Macbeth : 1) Quelles grandes idées Shakespeare présente-t-il dans cette pièce ? 2) Sur quelles caractéristiques dramaturgiques repose cette pièce ?
Gatsby le magnifique : 1) Comment caractériseriez-vous la façon dont Fitzgerald conçoit un personnage ? 2) A partir du thème que vous avez choisi, analysez l’univers de ce roman.’

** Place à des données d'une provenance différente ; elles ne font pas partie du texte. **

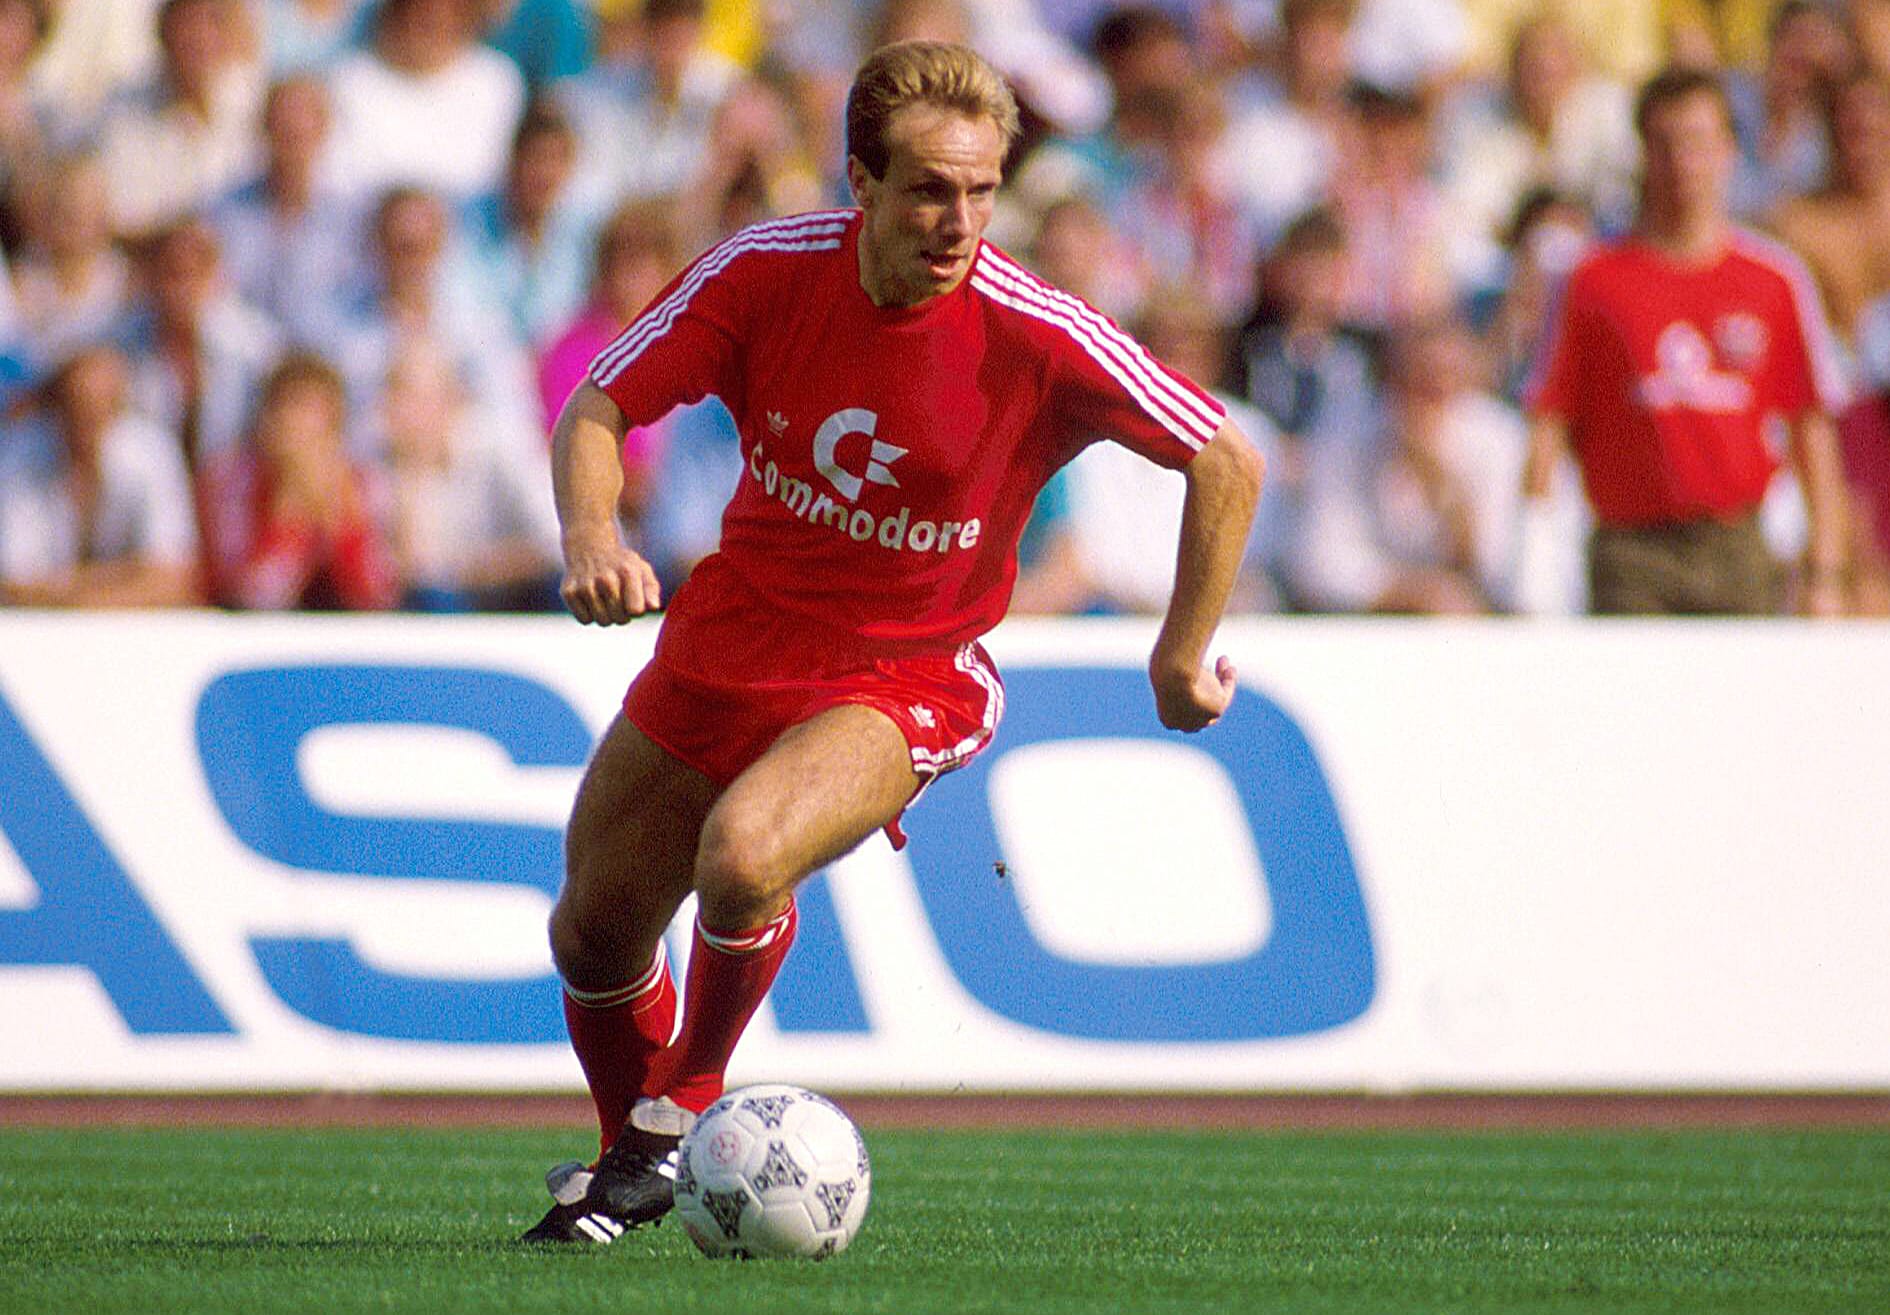 Die erste Vorführung im Wechseltheater von Dortmund und Bayern ging 1988 über die Bühne. Damals ging Michael Rummenigge nach sieben Jahren in München zum BVB (Ablöse unbekannt). Dort gewann der kleine Bruder von Karl-Heinz im ersten Jahr den DFB-Pokal und wurde später sogar Spielführer.

En plus d’une juste compréhension des œuvres, il est attendu des élèves qu’ils étayent leurs réponses par des analyses fines, justifiées par des passages cités ou évoqués précisément. Gaspar va jusqu’à citer dans son devoir sur Macbeth des vers en anglais et leur traduction en français.

La maîtrise des savoirs et savoir-faire analytiques et la compréhension des exigences professorales déterminent en partie les réponses produites par les élèves. Benjamin renvoie la « mauvaise note » obtenue à la première vérification d’une lecture parallèle, à son incompréhension des consignes de l’exercice :

‘« le premier d’Edgar Poe, donc je savais pas en fait ce qu’i fallait faire de... Le premier... de... Histoires extraordinaireset j’avais eu un neuf ! La seule note en dessous de la moyenne de toute l’année dans toutes les matières donc... [petit rire] (ouais ? [petit rire])je m’en rappelle que j’étais vraiment perdu... puis j’avais... quasiment rien lu parce que... je savais pas ce qu’i fallait lire (hum hum) Et donc... quand on n’a quasiment rien lu... enfin c’était dur de trouver des thèmes... J’avais pas compris en fait... du tout ce qu’i fallait faire ! [...] J’avais pas compris ce qu’i nous demandait. Au début j’ai... I nous avait dit ‘‘Ouais, lisez-en quelques-unes et trouvez des thèmes en commun’’. Moi... j’en avais lu que six en fait(hum hum) Je crois qu’i y en a une vingtaine, et donc... Et puis en plus pour trouver les thèmes, j’avais jamais fait ça donc... ouais j’étais complètement perdu » (Benjamin ; père : ingénieur en télécommunication, bac C, maîtrise de physique, diplôme d’ingénieur ; mère : assistante sociale, bac SMS, « fac »)’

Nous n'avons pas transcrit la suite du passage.